Arizona Fall Protection Lags Behind Rest of Nation
Every week, around five workers die from fall injuries. There are reasonably priced and easily available fall protection systems which would have saved most of these workers from death or crippling injury. Having handled a number of these cases, we have seen the devastating effects of falls from falls. Currently there is a dispute between the Occupational Safety and Health Administration (OSHA), and Arizona’s Department of Occupational Safety and Health (ADOSH) over the levels at which fall protection should apply. OSHA requires that workers be protected when working at any height above six feet, but ADOSH mandates fall protection only when workers are operating above 15 feet.

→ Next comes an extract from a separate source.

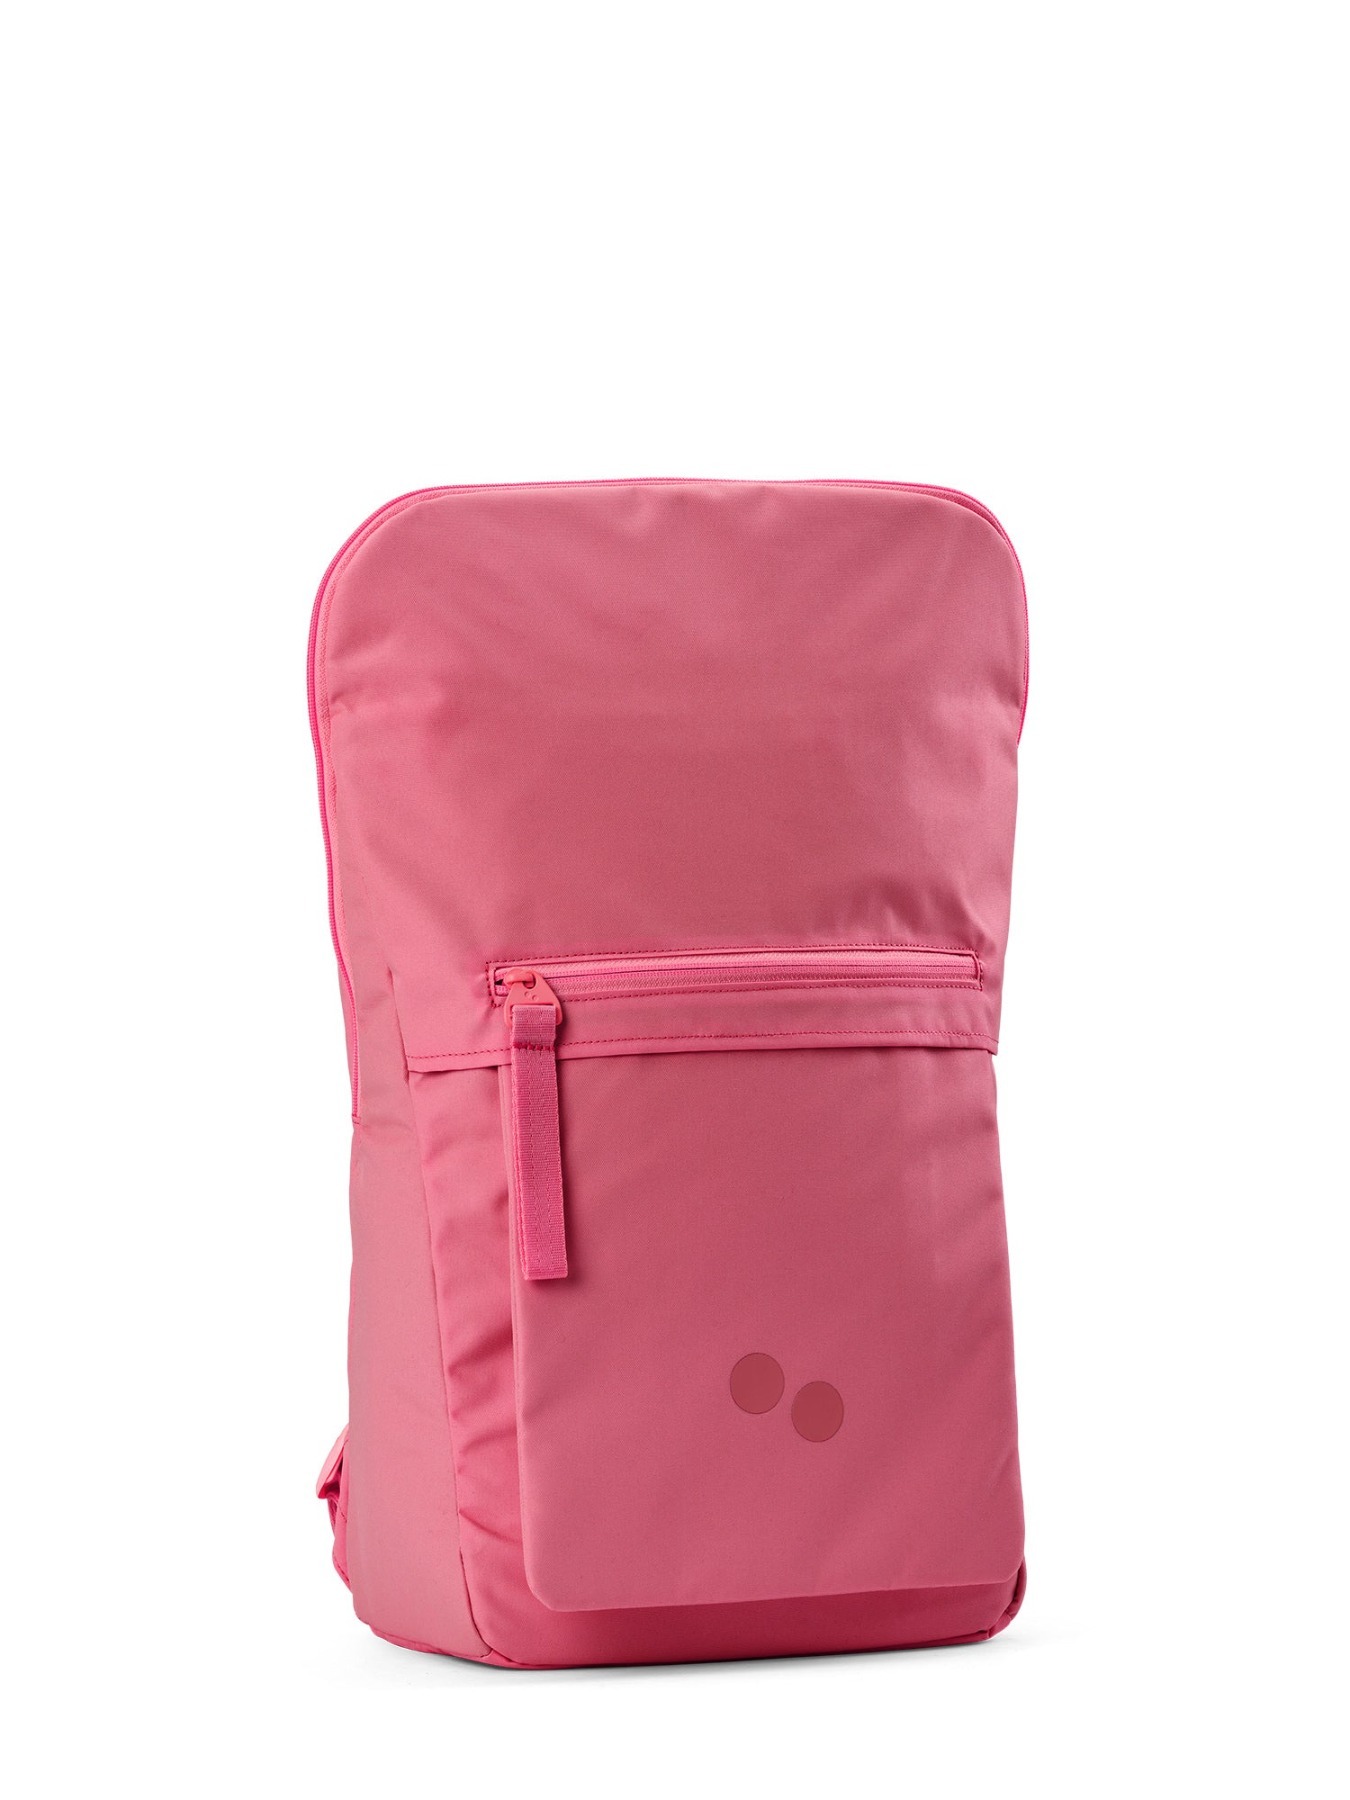 pinqponq Backpack KLAK - Watermelon Pink 2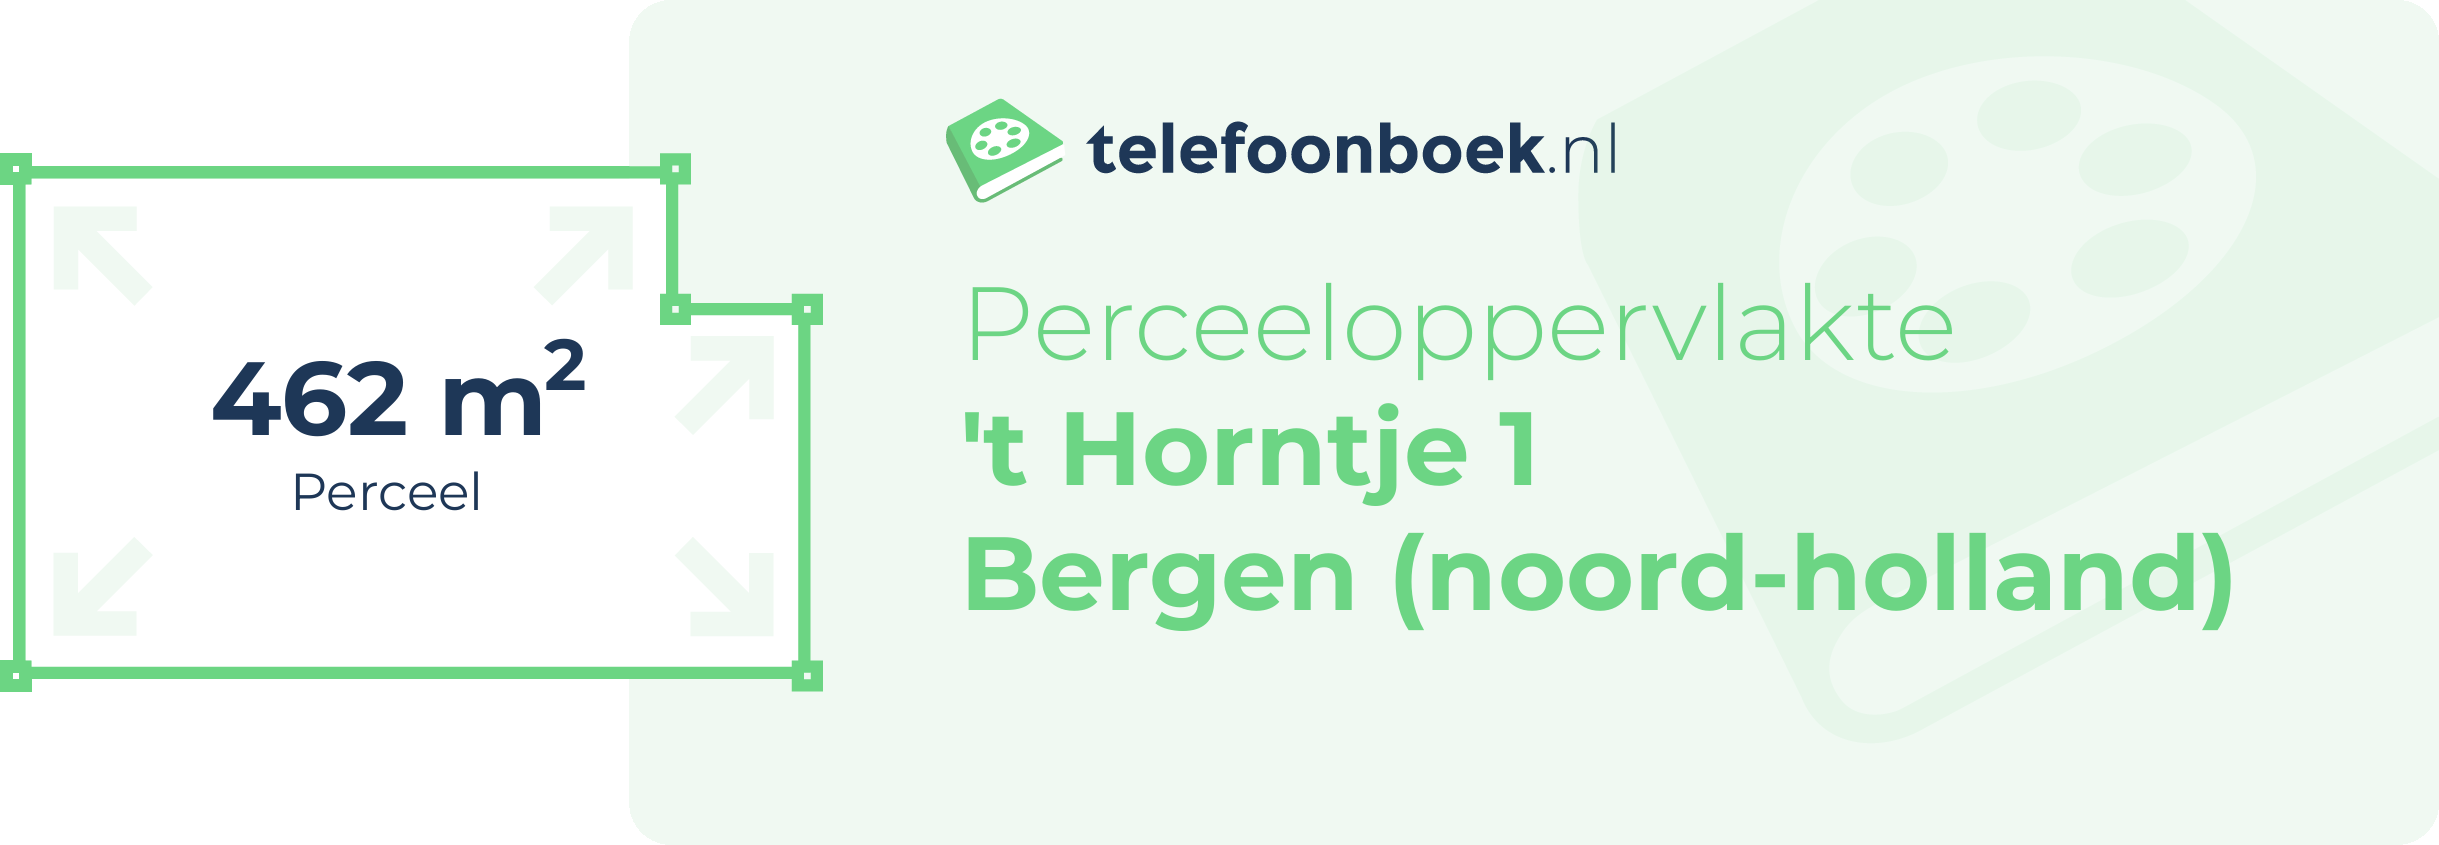 Perceeloppervlakte 't Horntje 1 Bergen (Noord-Holland)

Unlike the majority of states, Arizona maintains its own regulations when it comes to occupational safety. Contractors in Arizona are primarily responsible for increasing the applicable height, arguing that that the OSHA regulations on fall protection are impossible or too cost prohibitive. OSHA, however, and even a few major state contractors, disagree, pointing to the moral as well as legal obligations for employers to maintain a safe workplace. The cost of injuries simply gets passed from employers to insurance companies, who in turn raise rates to cover losses. As in most things, avoiding the initial injury seems far preferable.
The dispute between OSHA and ADOSH could result in OSHA ultimately assuming responsibility in Arizona for the enforcement of federal guidelines. Rather than force bureaucratic proceedings over fall protection, ADOSH should implement the OSHA regulations, and start protecting Arizona workers today.